Сэтору повернул окровавленную рожу туда, куда я посмотрел. На битум вступила нога босодзоку за которым он гнался и который привел Мацуду на крышу.

Босодзоку по кличке Мрамор был своим для стаи голодных до крови мотоциклистов, они были готовы рвать за него глотки, поэтому я и призвал его. Вот только сам Мрамор в это время сидел в одном из кобанов, заключенный туда временно госпожой Наоки Хикамару. Задержали временно и исключительно по моей просьбе. Его же одежду и его шлем надела на себя Шакко. Она и привела Сэтору к дому-ловушке.

Она же и стянула с себя комбинезон с подложенной для объема ватой, а потом стянула шлем.
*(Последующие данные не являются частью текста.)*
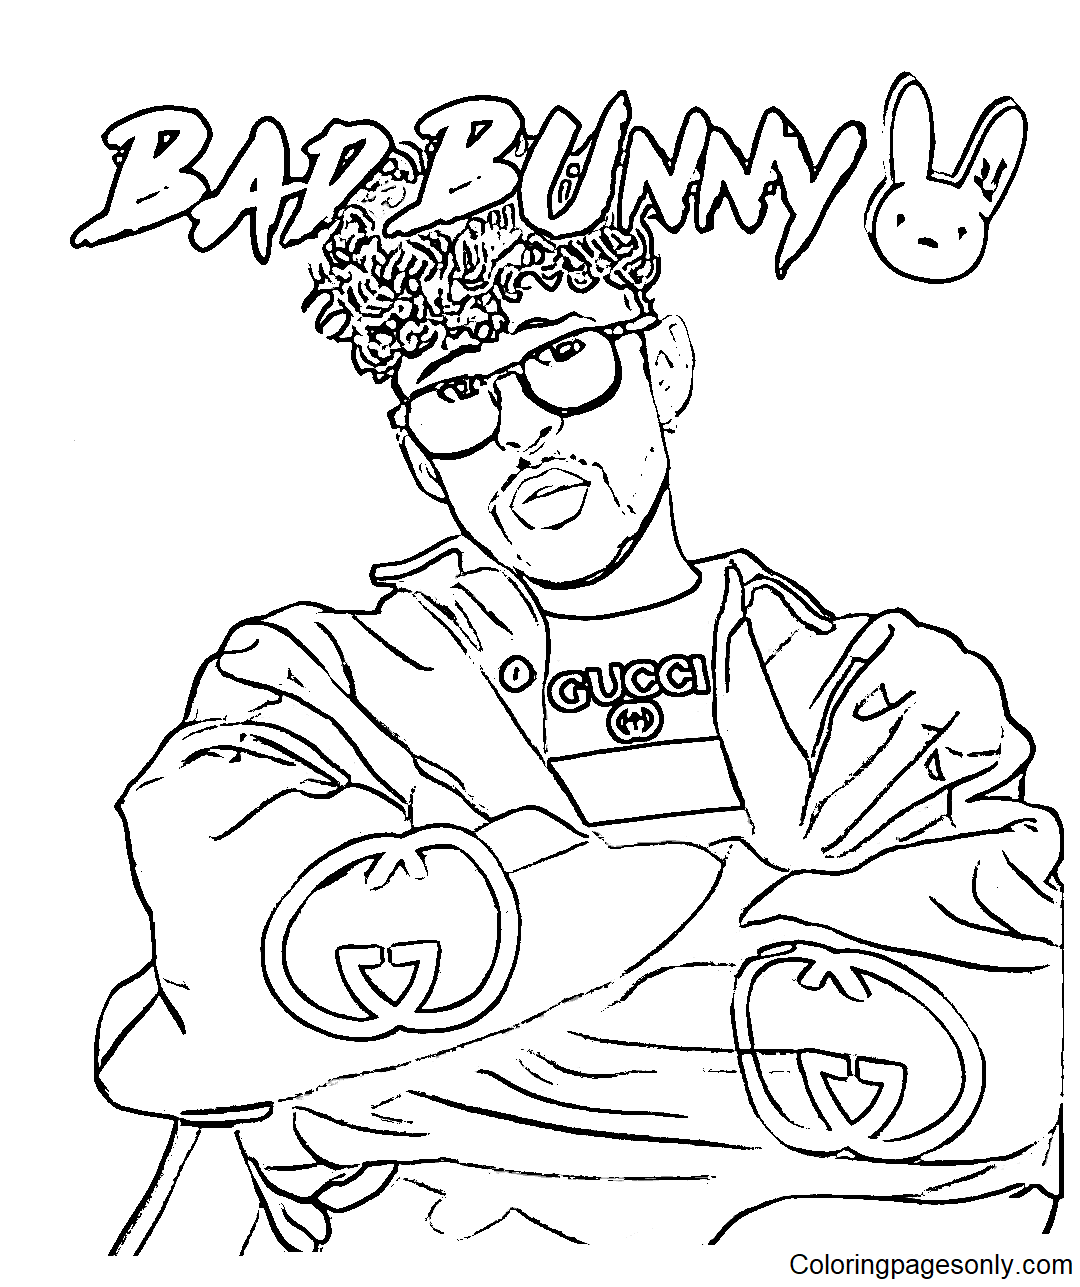 Bad Bunny Rapper Singer Coloring Page

На плечи девушки упала волна рыжих волос, красиво подсвеченных солнечными лучами.

Да, лицо у неё всё было в синяках и царапинах, но оно всё равно выглядело мило. Даже со щербиной сломанного переднего зуба, который она показала в зловещей улыбке.

– Ты…

– Я, Сэтору, я, – кивнула Шакко. – Твои утырки хотели меня ослабить перед боем, но… Изаму предусмотрел и это. Правда, всё чудесно получилось? Вот и пришел тот час, когда ты ответишь мне за смерть моих родителей…

Она грациозно подошла к Сэтору, взглянула на меня, а я вытащил из его кармана брелок от ошейника. Страх в глазах Сэтору сменился ужасом, и он забился так, что я почувствовал себя на родео, где отважные ковбои седлают быков и стараются как можно дольше удержаться на покатой спине.
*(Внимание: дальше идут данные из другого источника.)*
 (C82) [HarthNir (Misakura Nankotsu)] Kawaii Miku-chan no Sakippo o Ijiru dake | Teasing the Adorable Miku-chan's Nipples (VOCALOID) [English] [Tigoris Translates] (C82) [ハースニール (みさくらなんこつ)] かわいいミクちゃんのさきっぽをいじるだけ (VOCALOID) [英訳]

– Я убью вас! Я убью вас всех! Я… Я…

– Головка от хуя, – вырвалось у меня. – Лежи спокойно и не дергайся!

Шакко тем временем вырвала из бетонного провала, где недавно я торчал жалкой морковкой, четыре армированных прута. Она подошла к лежащему Сэтору, согнула прутья пополам, что заставило меня удивленно распахнуть глаза, и вбила их в бетон крыши так глубоко, что можно вытащить только с помощью спецтехники. Сэтору оказался распят на крыше в форме морской звезды.

Как раз вовремя, а то мой спецкостюм отчаянно заморгал предупреждением, что его силы на исходе и дальше я должен крутиться как хочу.
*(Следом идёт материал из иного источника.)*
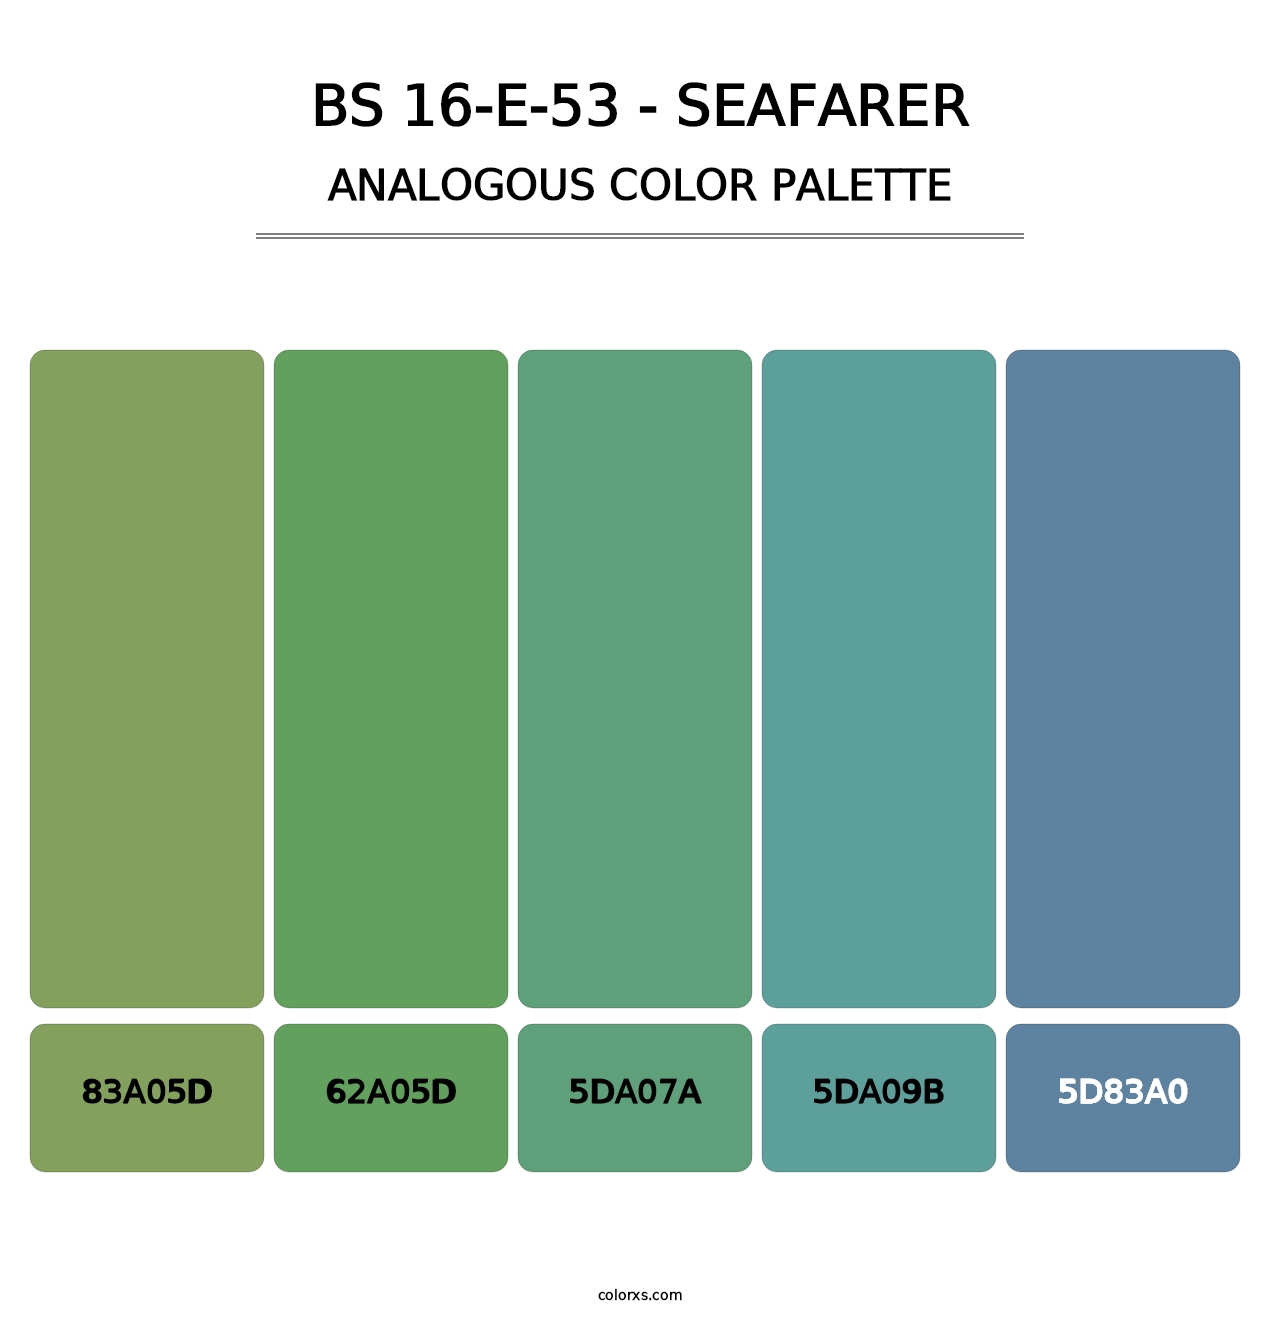 BS 16-E-53 - Seafarer - Analogous Color Palette

Шакко же вложила брелок в руку Сэтору и, несмотря на его сопротивление, заставила нажать большим пальцем на кнопку.

– Вот теперь всё в твоих руках, Сэтору, – очаровательно улыбнулась девушка, показав в очередной раз щербину. – Теперь твоя жизнь зависит от того, как долго ты сможешь держать палец в напряжении. Но, судя по твоей ране на руке, делать ты сможешь это недолго…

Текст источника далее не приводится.